4.  Karen:  I feel for you.  Most dental assisting schools teach little to nothing.  How do you expect to gain experience if nobody is willing to give you the time needed to get it?  This is one of the most common issues.  From what I can tell you are very motivated, but somewhat resentful to your lack of education from the DA school. Externships are tough on dentists.  They do not really want to hand their system off onto a newbie and figure you standing around will teach you enough.  It is pathetic, I am sorry.  I myself have fallen into this trap and not given interns enough training – it just is a pain for dentists.  Here is where you start:  For you it is not about money right now, but about building yourself.  You need to be the best “team player” that you can be.  Assisting is only a part of your job.  When you interview for a position, remember that unless extensive experience is necessary, most doctors hire staff within the first few minutes of meeting them (they make their mind up almost immediately).  You need to know how to present yourself, and all that begins with you believing in yourself! So what if you don’t have the experience needed to assist yet?  What other qualities do you have that all dentist die to have in their office…think about it! 

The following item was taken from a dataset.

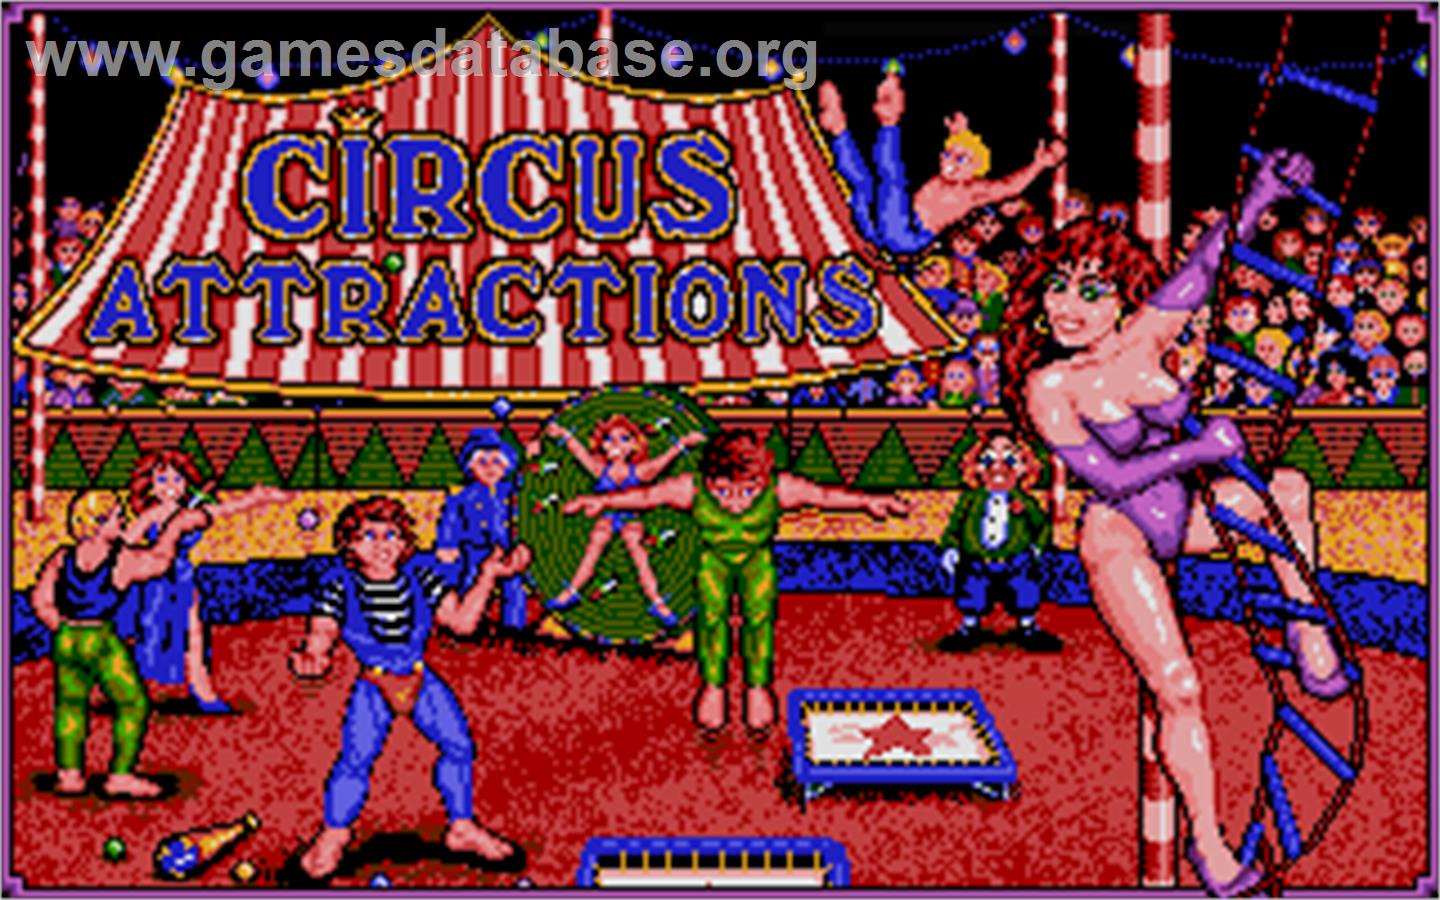 Circus Attractions - Atari ST - Artwork - Title Screen
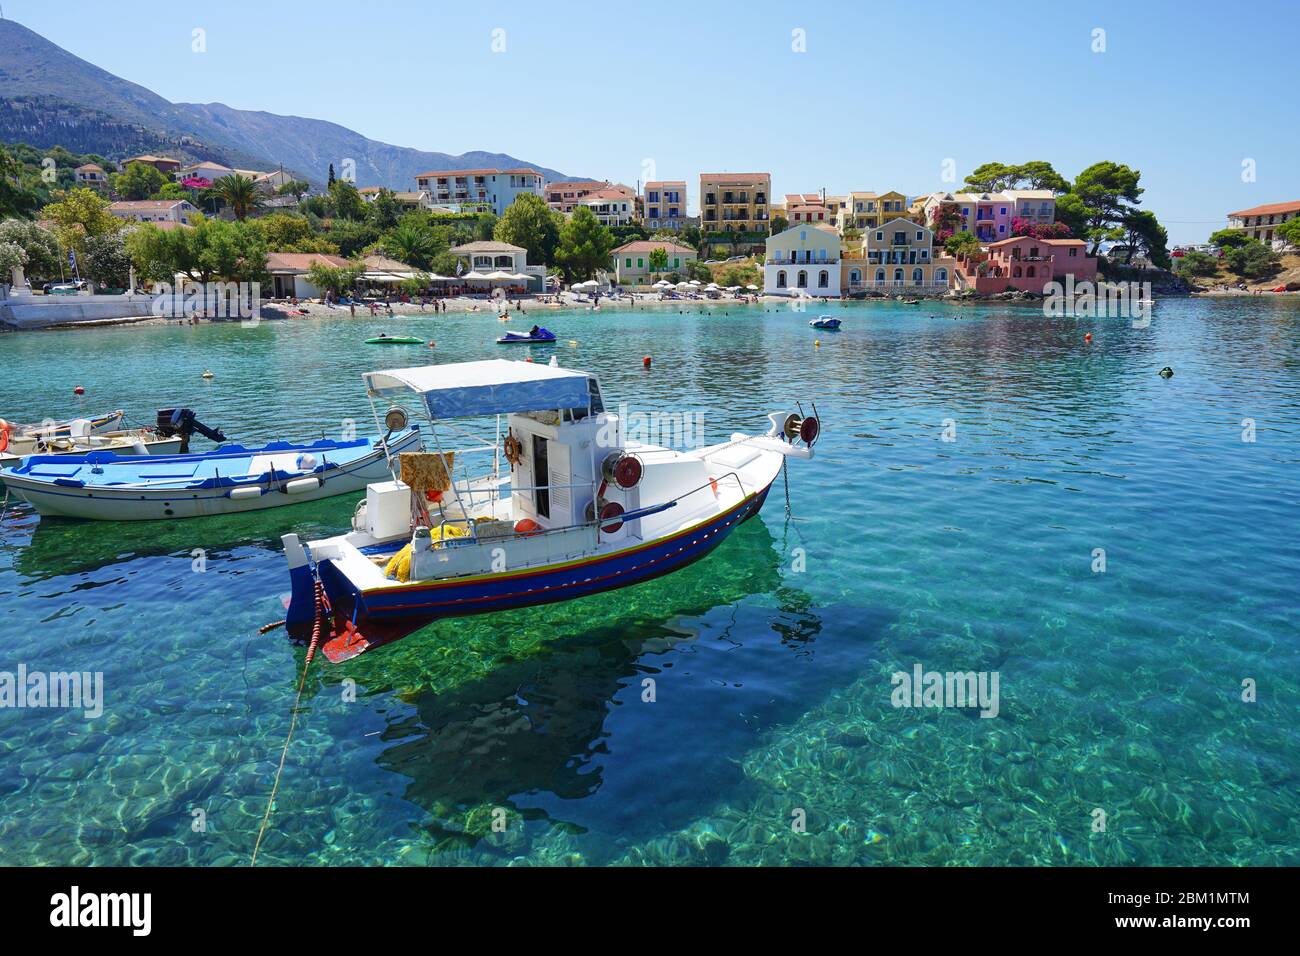 Asos village panorama and blue sea on a sunny day, Kefalonia (Cephalonia) Island, Ionian Sea, Mediterranean, Greece Stock Photo

Alright, there are many more questions about assistant salaries and getting a job, but I will write more later.  I have been through most of the issues you all have asked me personally.  I have hired assistants with zero experience even after putting “experience a must” in the ad!  I have been through many interns that came to my office for experience and immediately knew if I would ever hire them!  It is time that someone put all this info together for assistants to allow them to avoid these struggles that are so common.  This blog and its resulting e-book will help each and everyone of you in some important way.